_Required work_. In full and word for word, copy the listing; no pictures belong in the copy.

** Given material follows **

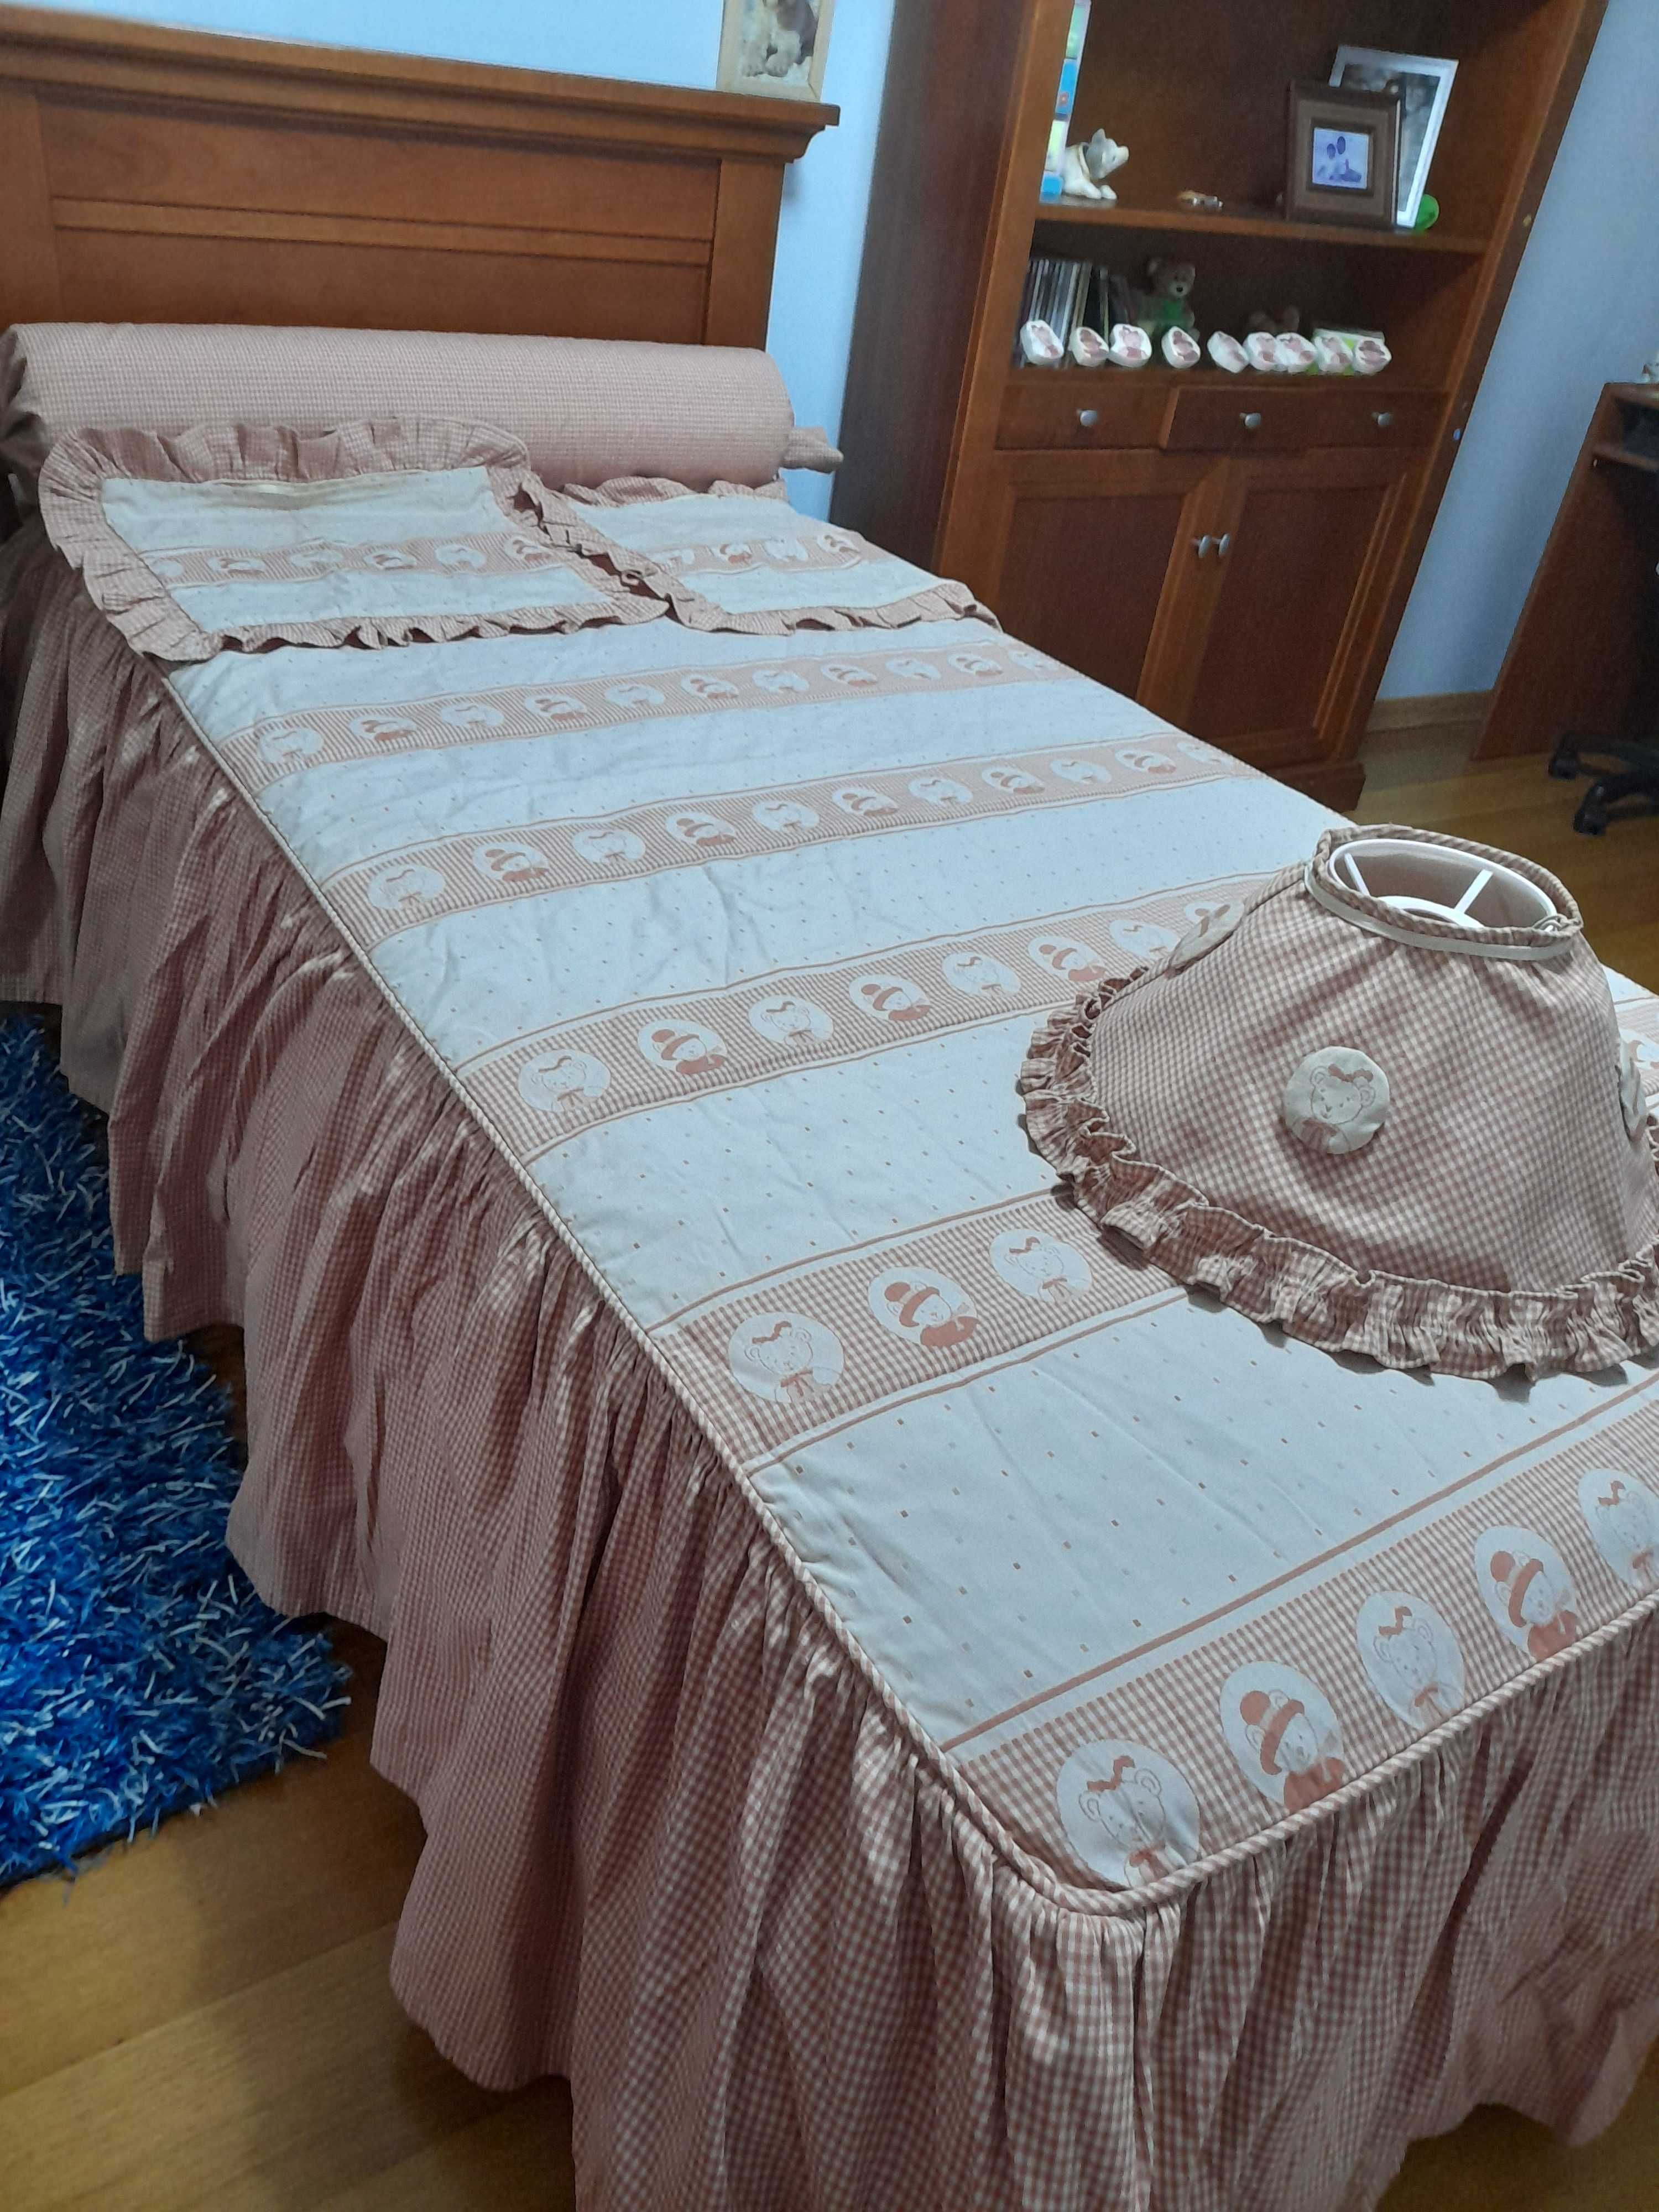 Colcha de cama individual e outros elementos de decoração
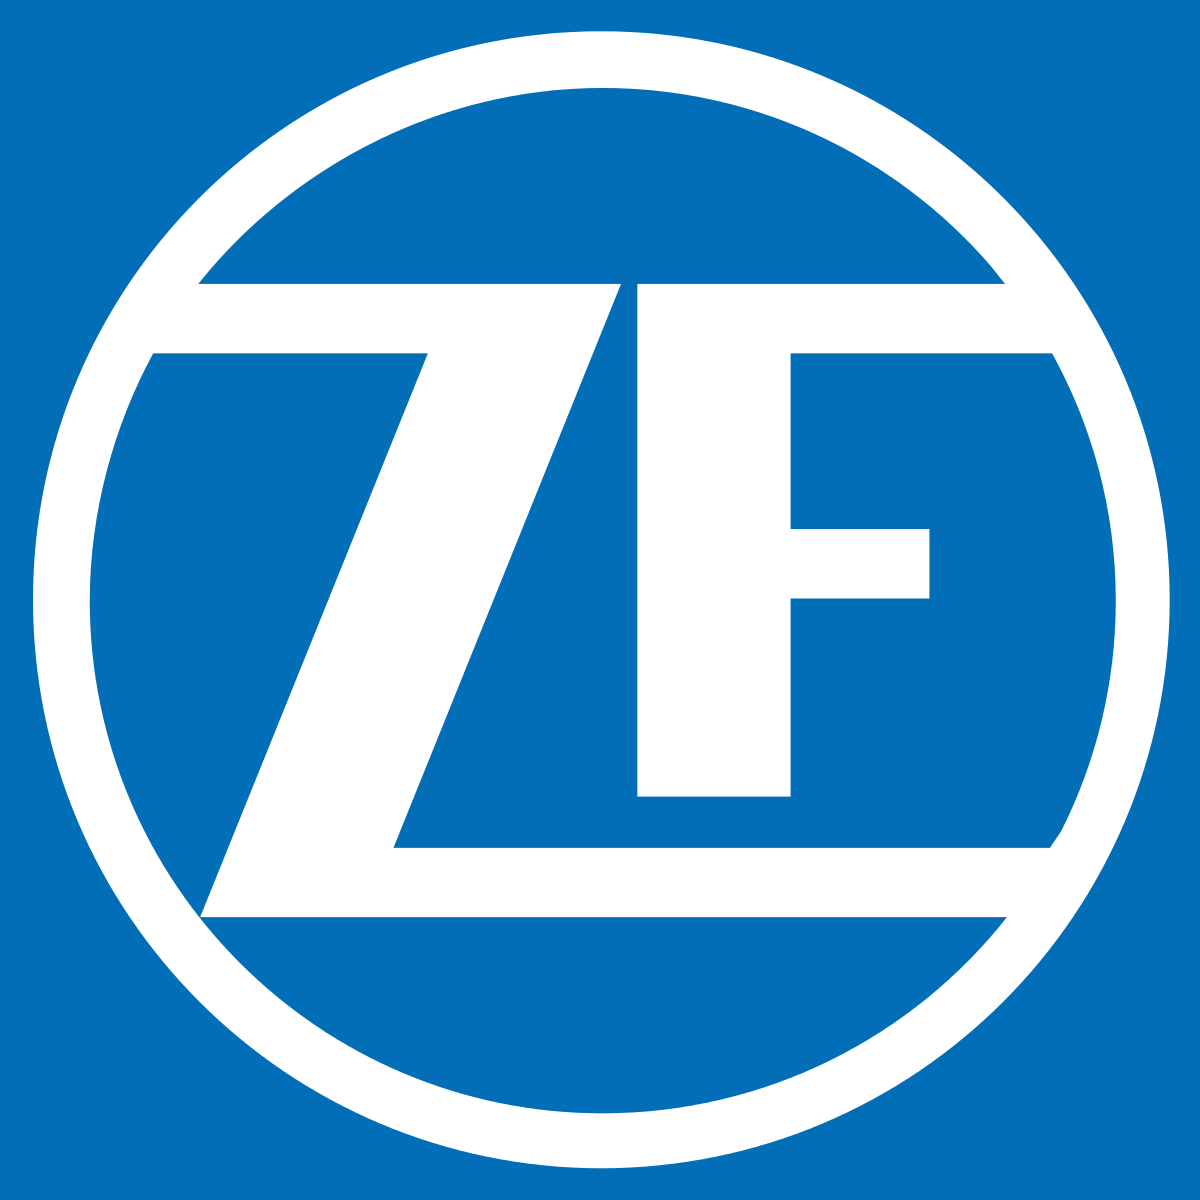 New ZF Logo - ZF Friedrichshafen
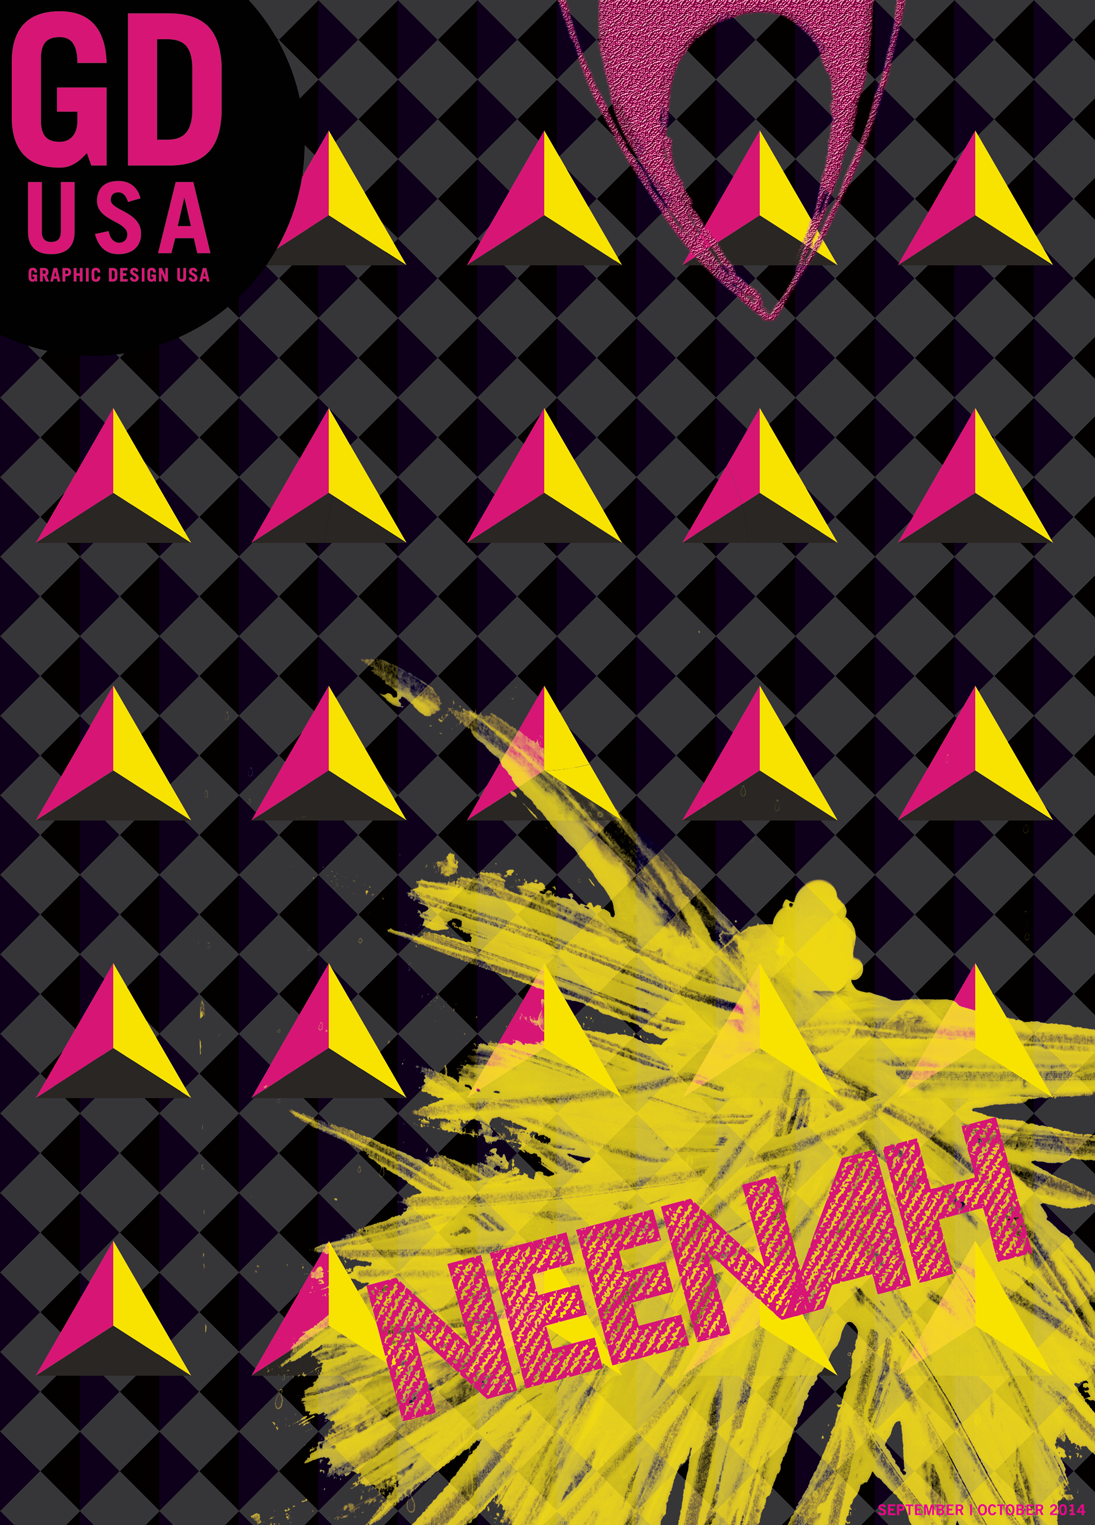 GD USA cover design
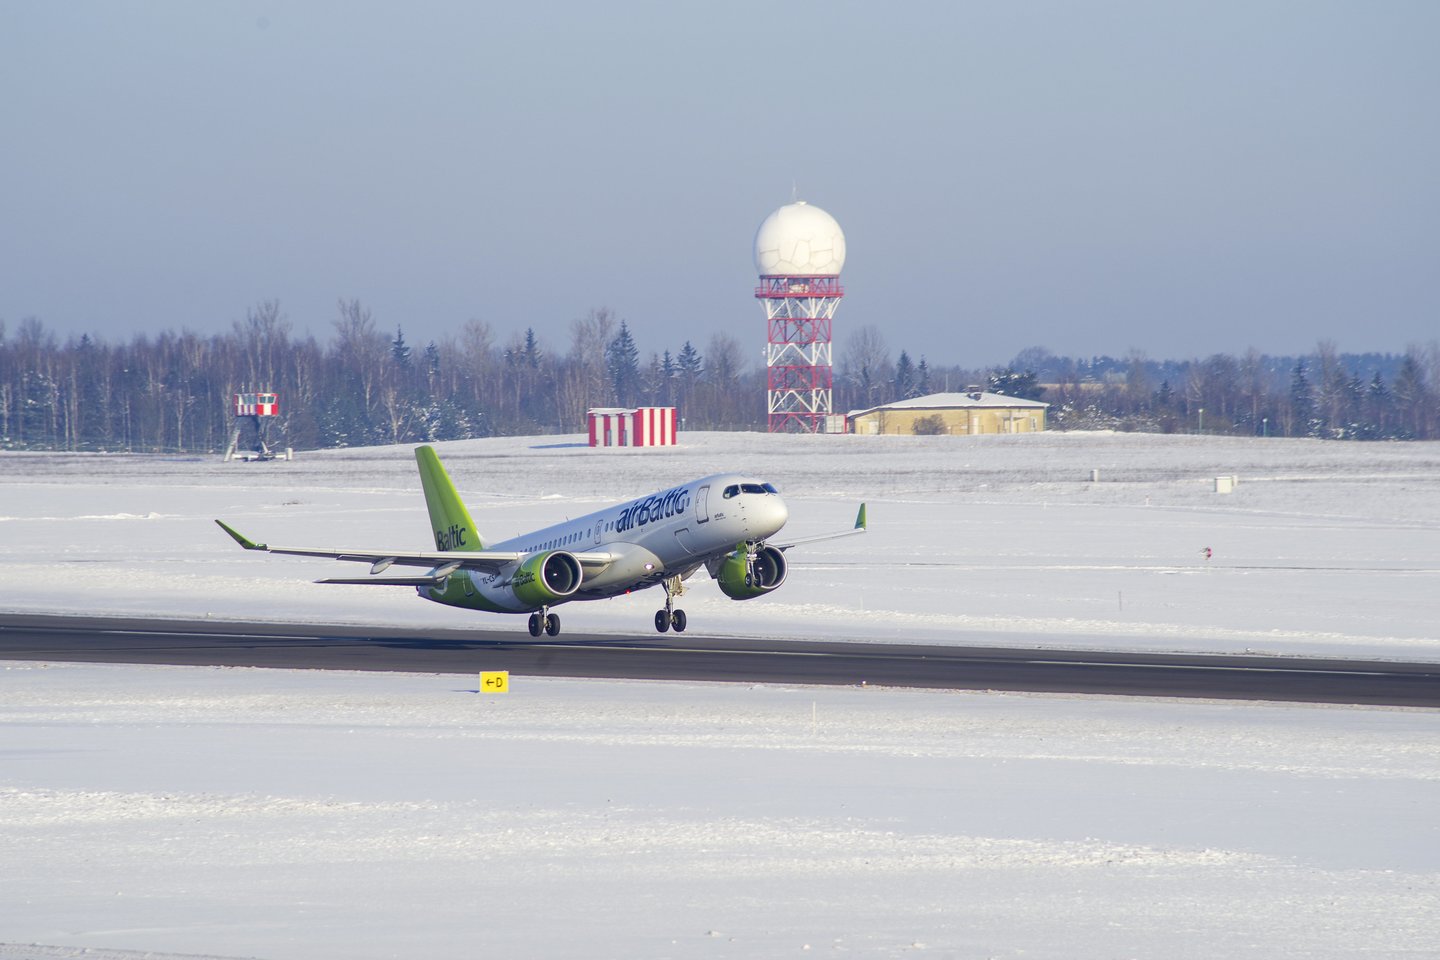 Lietuvos oro uostų nebenaudojamo turto aukcionas praėjusį antradienį užsidarė fiksuodamas rekordinius skaičius.<br>V.Ščiavinsko nuotr.

** End of Given material **

_Output of the exercise_.
 Colcha de cama individual e outros elementos de decoração
 New ZF Logo - ZF Friedrichshafen
 GD USA cover design
 Lietuvos oro uostų nebenaudojamo turto aukcionas praėjusį antradienį užsidarė fiksuodamas rekordinius skaičius.<br>V.Ščiavinsko nuotr.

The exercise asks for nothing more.